Now, as I imagine your growing to become a woman like your mother and the mothers who came before her, I can’t help but wish sometimes that you still had another layer of protection. I’ll give you things, like sunscreen, to protect you from harsh physical exposure. But I wish you might also be shielded from another kind—from the double-standards and double-binds, from “damned-if-you-do, damned-if-you-don’t.” What can I offer to shield you from sexism celebrated in the workplace and inequality sacralized by the church?
As you grow, your mom and I will strive to keep you safe. But to be born is to be exposed. To become vulnerable is scary, and yet it also affords the opportunity to make discoveries about yourself. Remember that one meaning of “exposure” relates to photography, to the light allowed on a camera lens. While we cannot always protect you from the world, your mom and I can give you ways to view yourself, to bring the picture into focus. The right exposure brings clarity to both shadows and light. Allow me to take a few pictures in words …
You, Sadie, are named after your mom’s great-grandmother. She was strong and able, mowing her grass until the week she died. She was also strong-willed. Your great-great-grandmother did not suffer fools gladly. And she was strongly committed to her faith. She died sitting in her easy chair on a Sunday morning, waiting for a friend to take her to church.
Decades later, right after you were born, several nurses started wiping off your cheesy layer of protection, and your booming cries resounded in the room. The same nurse spoke again.
“Will you listen to her? She’s strong.”
Maybe somewhere your great-great-grandmother smiled, approvingly. Who knows?
My favorite story about your namesake is that she gave a certain great-granddaughter aluminum tins to make mud pies in her backyard—a little indulgence that left a lasting impression on your mom. Who knows what strength and grace your great-great-grandmother has passed down to you?
You, Sadie Anna, are also named after my mom. Your Nana knows that this world, fully exposed, is full of beauty and pain, injustice and mercy. An avid student of Brené Brown’s book Daring Greatly, your Nana believes that to be exposed is to become vulnerable, and to become vulnerable is a faithful act of courage.
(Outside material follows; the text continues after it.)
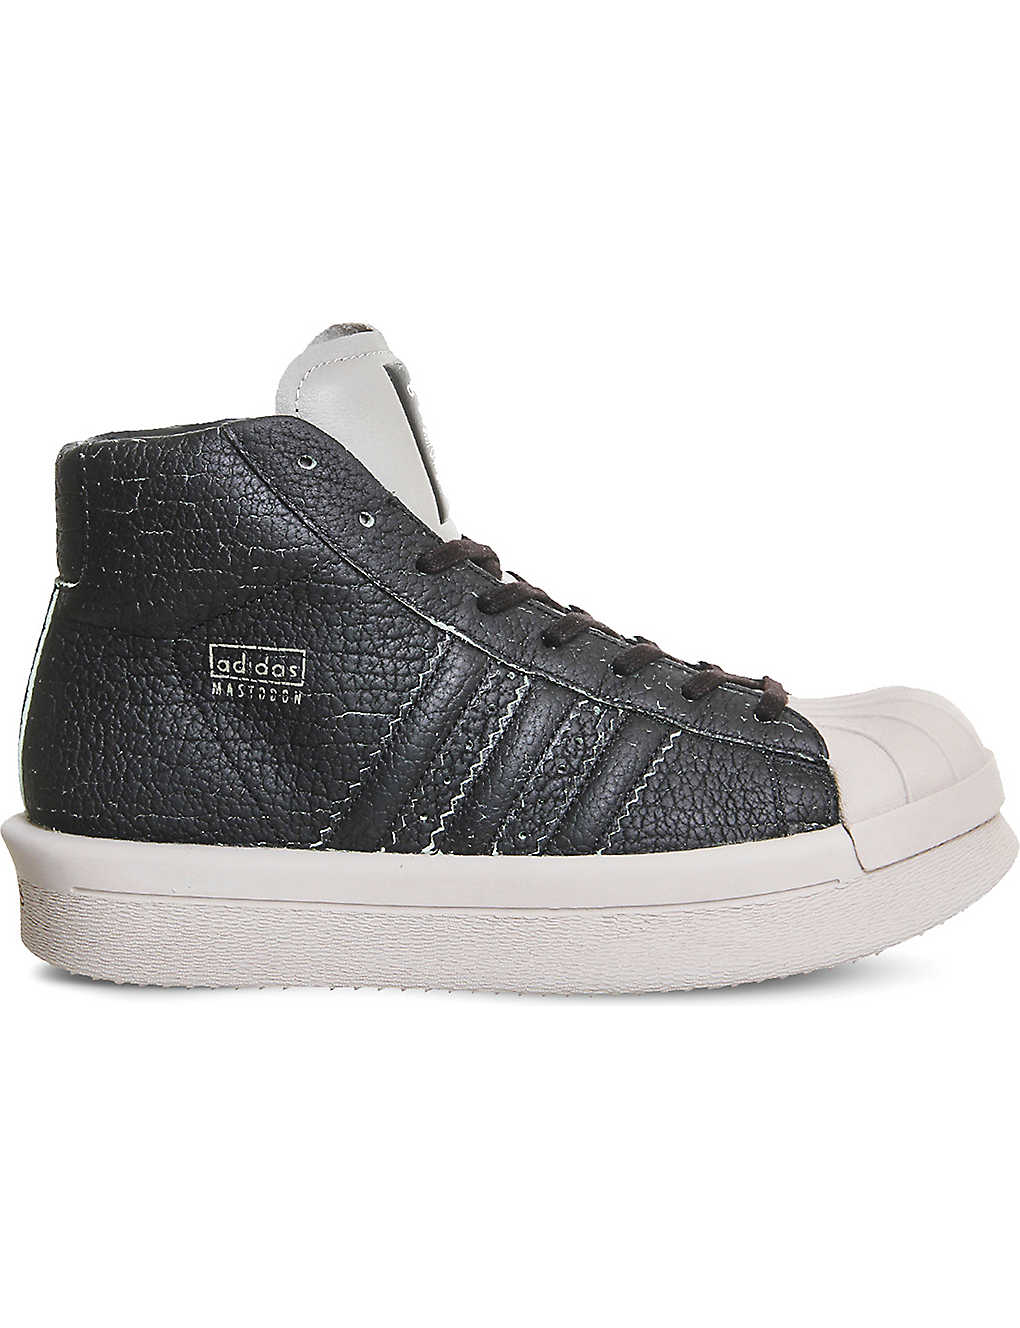 hot sales ca7a5 48b20 ADIDAS X RICK OWENS adidas x Rick Owens Mastodon Pro Model leather trainers

From the time you were born, your Nana has told you, “It is holy to know what you want.” She has traveled the world. She will tell you that she is a pilgrim, a woman who seeks the holy in different places and the faces of other people. Who knows what courage she will inspire in you?
My sweet Sadie, you do indeed get your cheesiness from me. The color of your eyes comes from your mom. Like her, your eyes are bright blue. We keep a picture of your mom as a little girl in your nursery. Mom is probably three years old, blue eyes smiling from the photography as she rides her red tricycle. And she reaches out with her left hand as if she knows exactly what she wants. Will you listen to her? She’s strong. Strong enough to become vulnerable.
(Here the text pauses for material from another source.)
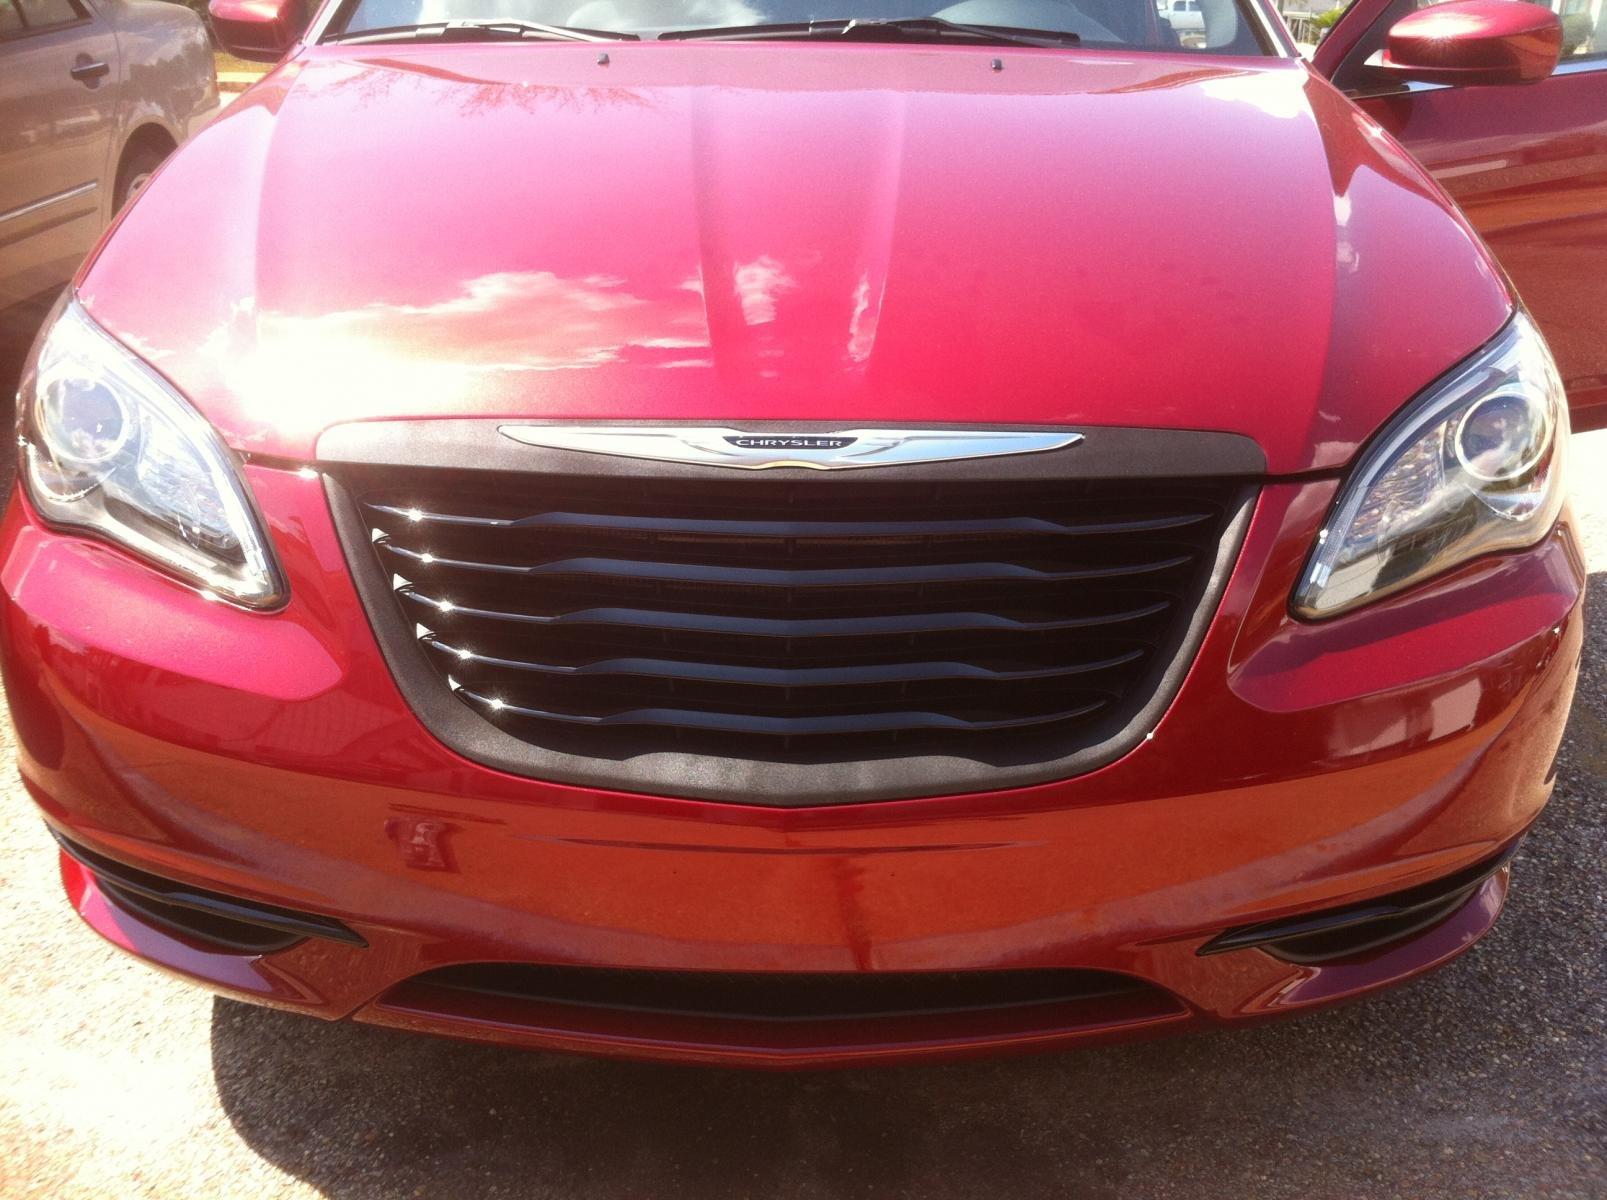 2012 Chrysler 200 Grill >> My 2012 Dark Cherry S ;)

As you seek to bring the picture of your life into focus, I want you to know and be inspired by a strong and courageous story from the day you were born. As your mom groaned through a particularly fierce contraction, her doula pulled a stool behind her to massage her shoulders, and the birth photographer slipped behind the doula to rub her neck, and the midwife stood behind the photographer to massage her shoulders. That contraction seemed endless. Yet those women kept their strong hands upon one another until, finally, that fearsome contraction passed. There were more to come, but in that pregnant pause, all four broke into cheesy smiles. Your mom actually giggled, “Don’t we make a picture?”
Sixteen months later, you beep-bop around the house, toddling along to some joyful melody only you can hear. If you catch someone watching, you’ll pause and say with a grin, “Cheese!” In this way, “cheese” is still your protection, not as an armor, but in the way your smile lets in the light. And I can only add, Amen.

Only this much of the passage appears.